I believe the best solution is to refactor how validation is performed and to ensure that any
action that enters 'user code' (including validation) is performed asynchronously. However, this
is a very significant change and if someone decides to take this on, it is not going to be quick or
easy.

Even if validation is performed asynchronously, though, we still have the case of performing the
validation many times. This is why the Developer Guide explicitly spells out the importance of
ensuring that Validator logic and customValidate methods are very fast, efficient methods. If the
validation is going to take longer than a couple of milliseconds then it doesn't belong in validation
and should probably be moved into the @OnEnabled / @OnScheduled lifecycle events.

I would like to see this go a step further, though, and support some mechanism for performing
more complex validation, so that processors such as PutSFTP can validate username/password
combinations, etc. This would be user-driven and performed by clicking some sort of "Test" or "Verify"
button in the UI. This would help to separate the notions of "valid" configurations from "correct"
configurations.

Again, though, none of these are small efforts and are going to take quite a bit of time, and I don't
know that anyone has started working on them yet. So we will need someone to
volunteer to get the work done first :) But I would love to see some of this stuff get tackled as well!

Cheers
-Mark

> On Nov 8, 2016, at 8:07 AM, Joe Skora <js...@gmail.com> wrote:
> 
> +1 for the validation change.
> 
> +1 for not calling into user code for GUI refresh.
> 
> I understand the logic behind validating whenever we return current state,
> but that can put a great deal of load on a system unrelated to the actual
> data flow.  For the most part, state changes at discrete points such as
> configuration, start, onTrigger, etc.  When loading the GUI it seems like
> we should return the last known state, possibly with a GUI option to
> re-validate the components, to minimize the impact of the user interface
> side of the sytems on the actual dataflow components.
> 
> As much as duplicate validation can be eliminated that would help as well.
> Currently I believe that if Processors A and B validate Service X, the
> Service X validation will occur twice, contributing to the "exponential"
> growth Mike mentioned in the ticket.
> 
> On Tue, Nov 8, 2016 at 12:43 PM, Matt Gilman <ma...@gmail.com>
> wrote:
> 
>> I also agreed these changes make sense. In addition, another approach we
>> could consider that has been discussed in the past [1] is to perform
>> component validation asynchronously. This presents its own challenges but
>> would also be helpful.

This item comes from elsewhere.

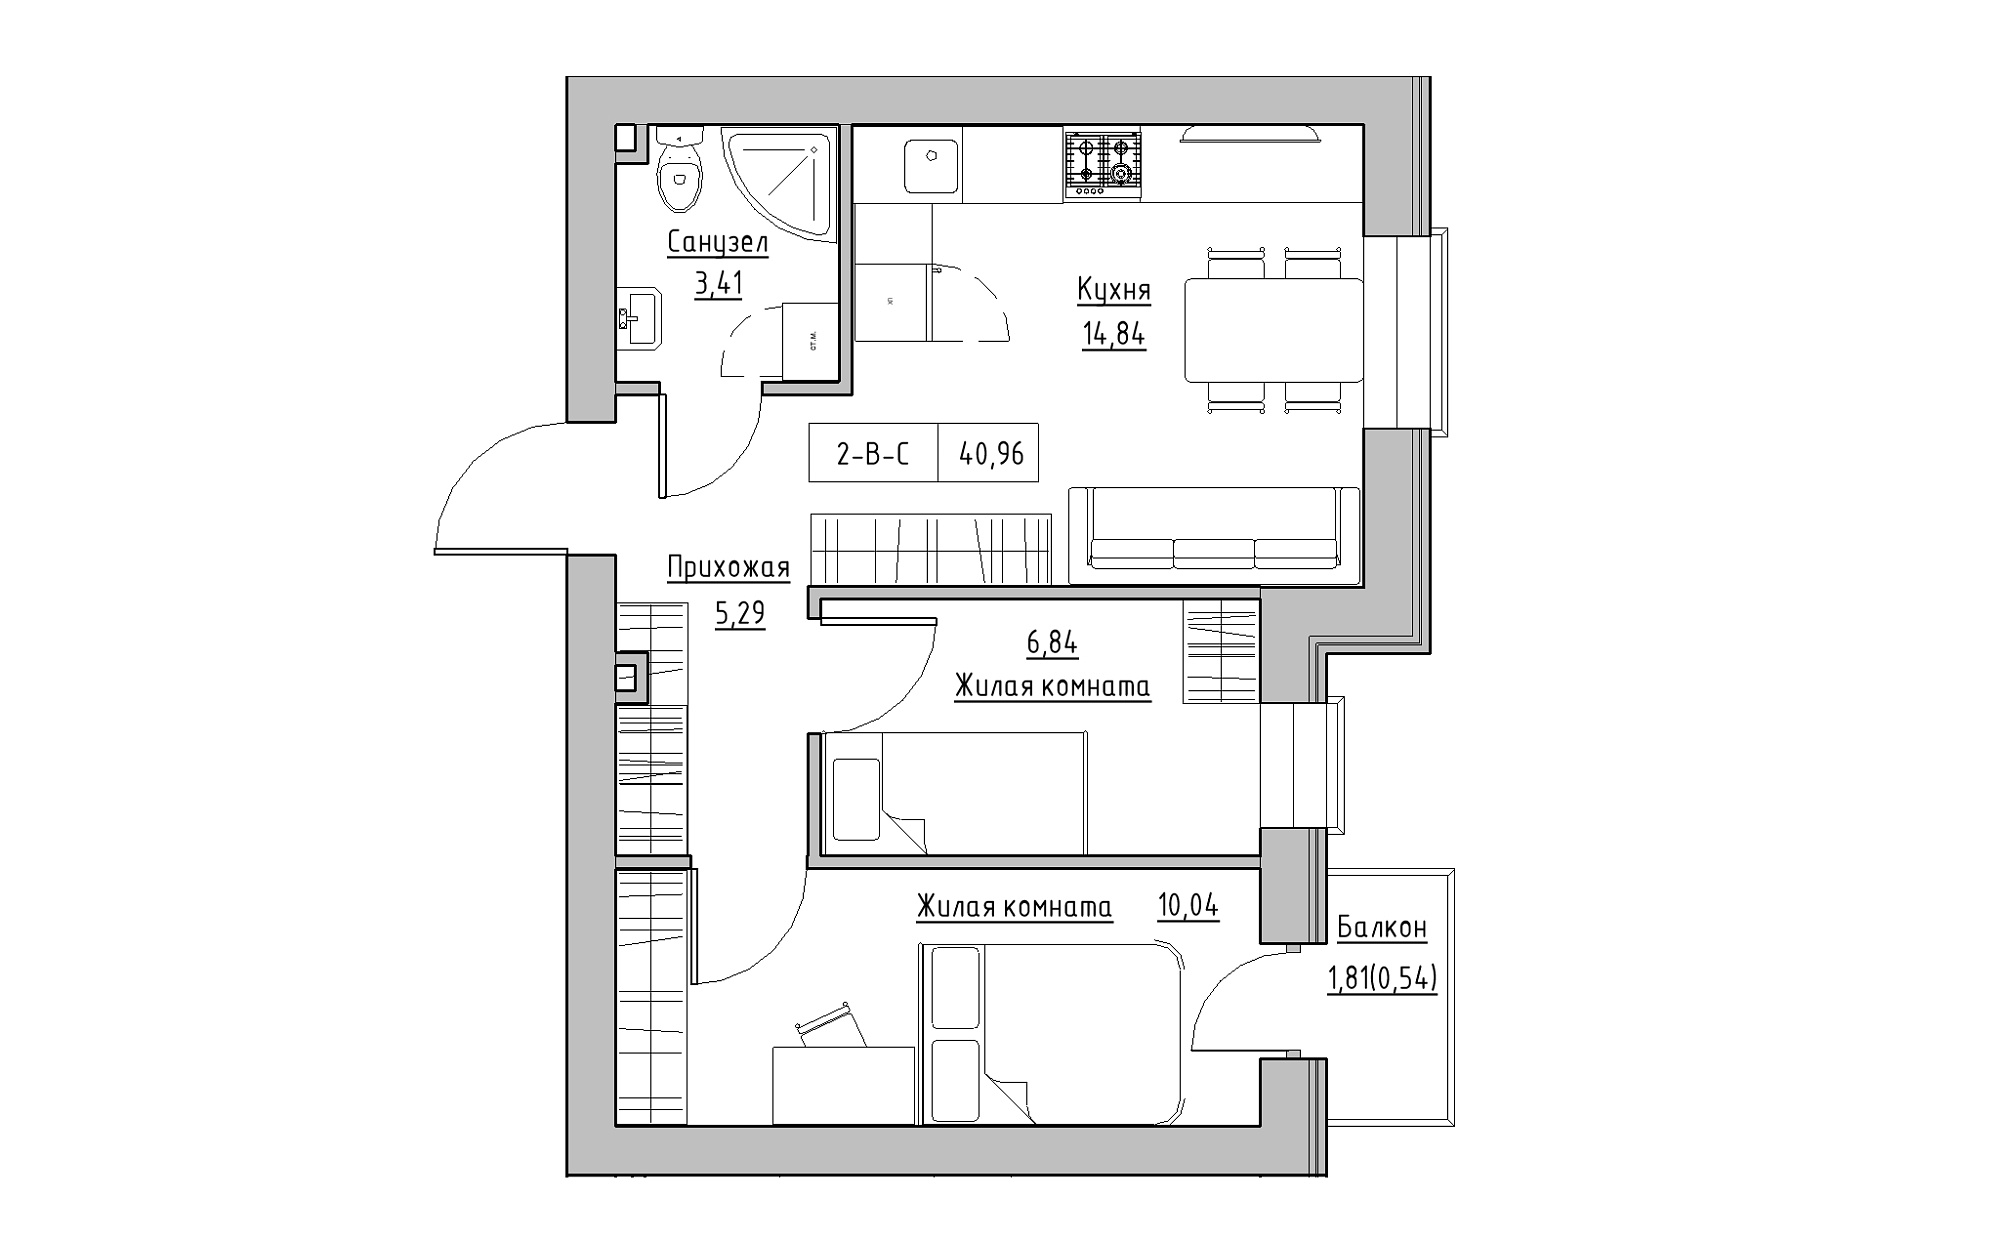 Планировка 2-к квартира площей 40.96м2, KS-022-02/0010.

We should try to avoid calling into user code in any
>> web thread.
>> 
>> Matt
>> 
>> [1] https://issues.apache.org/jira/browse/NIFI-950
>> 
>> On Mon, Nov 7, 2016 at 6:15 PM, Matt Burgess <ma...@apache.org> wrote:
>> 
>>> Agreed. Also we validate processors on a timer-based strategy in
>>> FlowController (looks like for snapshotting) and in the web server
>>> (via ControllerFacade), those seem to happen 6-7 times on that
>>> interval (which is like 15-20 seconds). Also we validate all
>>> processors on any change to the canvas (such as moving a processor).
>>> Besides Mike's suggestion, perhaps we should look at a purely
>>> event-driven strategy for validating processors if possible?
>>> 
>>> Regards,
>>> Matt
>>> 
>>> On Mon, Nov 7, 2016 at 6:06 PM, Joe Witt <jo...@gmail.com> wrote:
>>>> Makes good sense to me.
>>>> 
>>>> On Nov 7, 2016 5:39 PM, "Michael Moser" <mo...@gmail.com> wrote:
>>>> 
>>>>> All,
>>>>> 
>>>>> I would like to propose a fundamental change to processor validation
>>> based
>>>>> on observations in https://issues.apache.org/jira/browse/NIFI-2996. I
>>>>> would
>>>>> like to validate processors only when they are in the STOPPED state.
>>>>> 
>>>>> The properties on a processor in the RUNNING state should always be
>>> valid,
>>>>> else you should not have been able to start the processor. A processor
>>> in
>>>>> the DISABLED statue doesn't show validation results, so it seems a
>>> waste to
>>>>> validate its properties.
>>>>> 
>>>>> The reason I'm proposing this change is because the NiFi UI slows down
>>> as
>>>>> you add more processors and controller services to the graph. Beyond
>>> common
>>>>> sense expectations that this would be true, it appears that processor
>>>>> validation is a significant part of the 'cost' on the server when
>>>>> responding to REST API requests.  Some details from my testing are in
>>> the
>>>>> JIRA ticket.
>>>>> 
>>>>> Thoughts?
>>>>> 
>>>>> Thanks,
>>>>> -- Mike
>>>>> 
>>> 
>>

Re: NiFi processor validation

Posted by Joe Skora <js...@gmail.com>.

+1 for the validation change.

+1 for not calling into user code for GUI refresh.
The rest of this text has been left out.